Sebhat has done his job extremely well camouflaging himself as an aggrieved victim of Meles Zenawi and that of former First Lady Azeb Mesfin; he had effectively turned the table on the reformists as he did over a decade ago on the nationalists who fought the war of repulsion of the Eritrean incursion into Ethiopia in 2000. Sebhat seems to achieve such monumental task without any portfolio and with no formal state power base or even without any power derived from leading a political party. His special art is in his ability to create connections with existing power treads and helping thereby create a net of power that could easily overcome anyone foolish enough to challenge the existing order.

Be prepared for more repressive governmental policies and alienations of Ethiopians in our immediate future.

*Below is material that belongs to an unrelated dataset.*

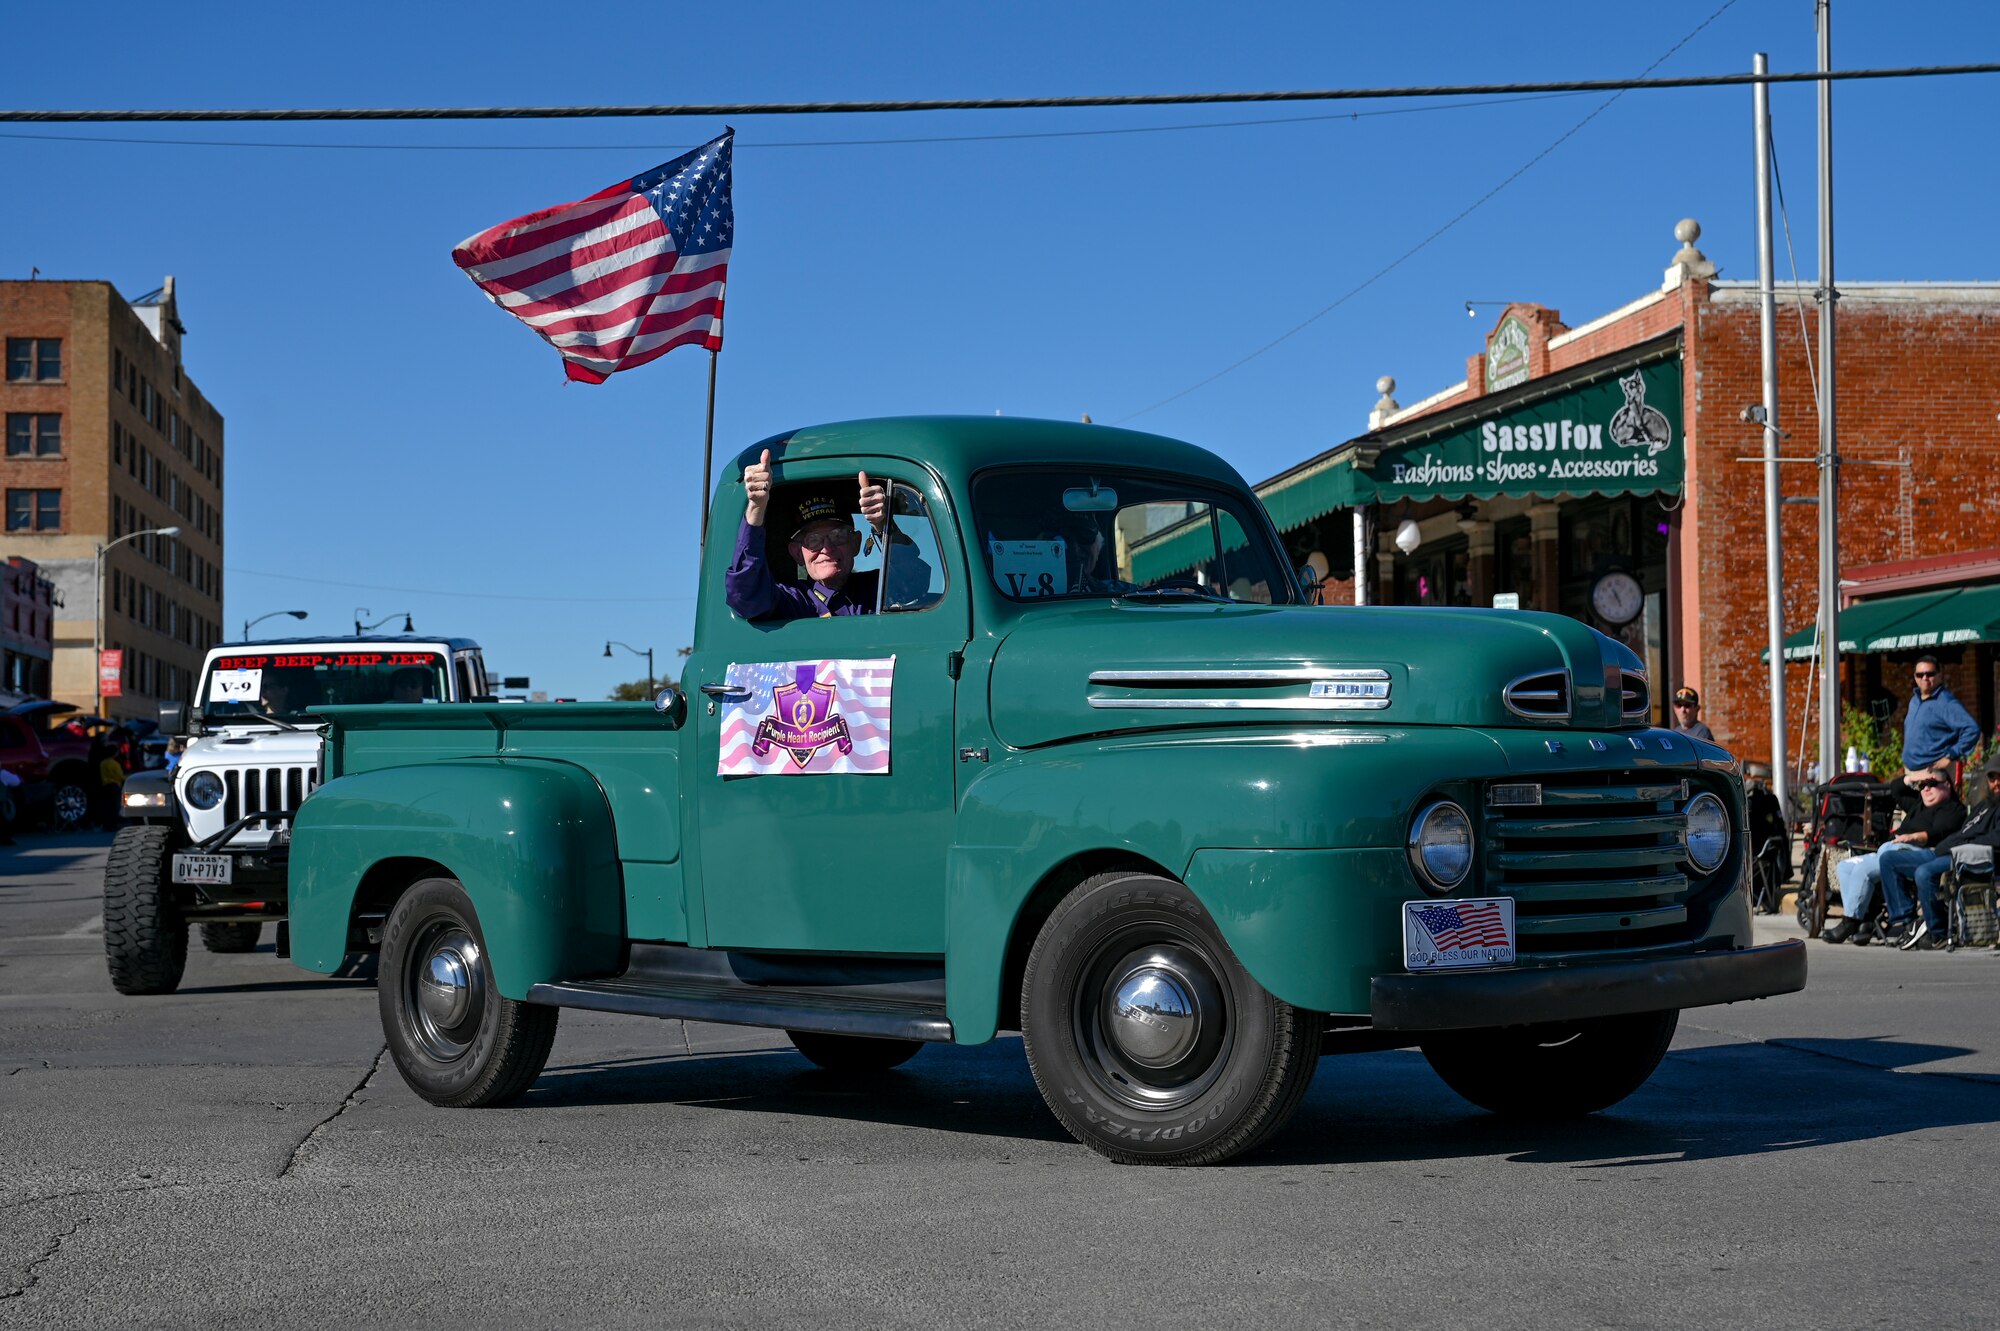 A WWII veteran poses in his truck during the San Angelo All Veterans Council Veterans Day parade downtown, San Angelo, Texas, Nov. 5, 2022. The Parade featured Veterans from every armed conflict dating back to WWII. (U.S. Air Force photo by Senior Airman Michael Bowman)

Once more we are witnessing a repeat of Meles Zenawi’s modus operandi whereby the reality of sitting in the state’s throne of power trumps anytime any political party hegemony. It seems to me political expedient for both leaderships of OPDO and ANDM to have joined the bandwagon of PM Hailemariam Desalegn and the winning faction. Soon Ethiopia would end up with a single Prime Minister liquidating his current Deputies. If you have watched Hailemariam’s demeanor in recent video recordings, he seems to be a changed person oozing confidence, even bordering arrogance. The same is true with Dr. Teodros Adhanome who had disappeared or receded in the last few months and is now booming out with solid presence.

This consolidation of power by those that are in the State’s executive, Legislative, and military power structure will have far reaching and a decade long implications, at least. Those TPLF leaders, such as Aregawi, Giday et cetera that were expelled from power long ago before EPRDF demolished the Derg Regime and took power in 1991, and those expelled since, at different times, especially those TPLF leaders Meles Zenawi dismissed from the TPLF and finally from the EPRDF, such as Adanech, Gebru, Seye et cetera better head to the nearest monastery, for their hoped for comeback effort of excruciating dedication seems to have been quashed irreversibly for the near future. Do not misread me here, for I believe the inclusion of former TPLF members within the current Ethiopian Government structure would have been a great political incubator for Ethiopians to use in order to recover from the excess of the two consecutive revolutionary governments. Hopefully that form of inclusiveness would have led to the emergence of the democratic process ending the endless rat-race of human rights activism. This kind of “baby steps” would have empowered all Ethiopians in the long run with minimal bloodshed and threat to the sovereignty and territorial integrity of Ethiopia.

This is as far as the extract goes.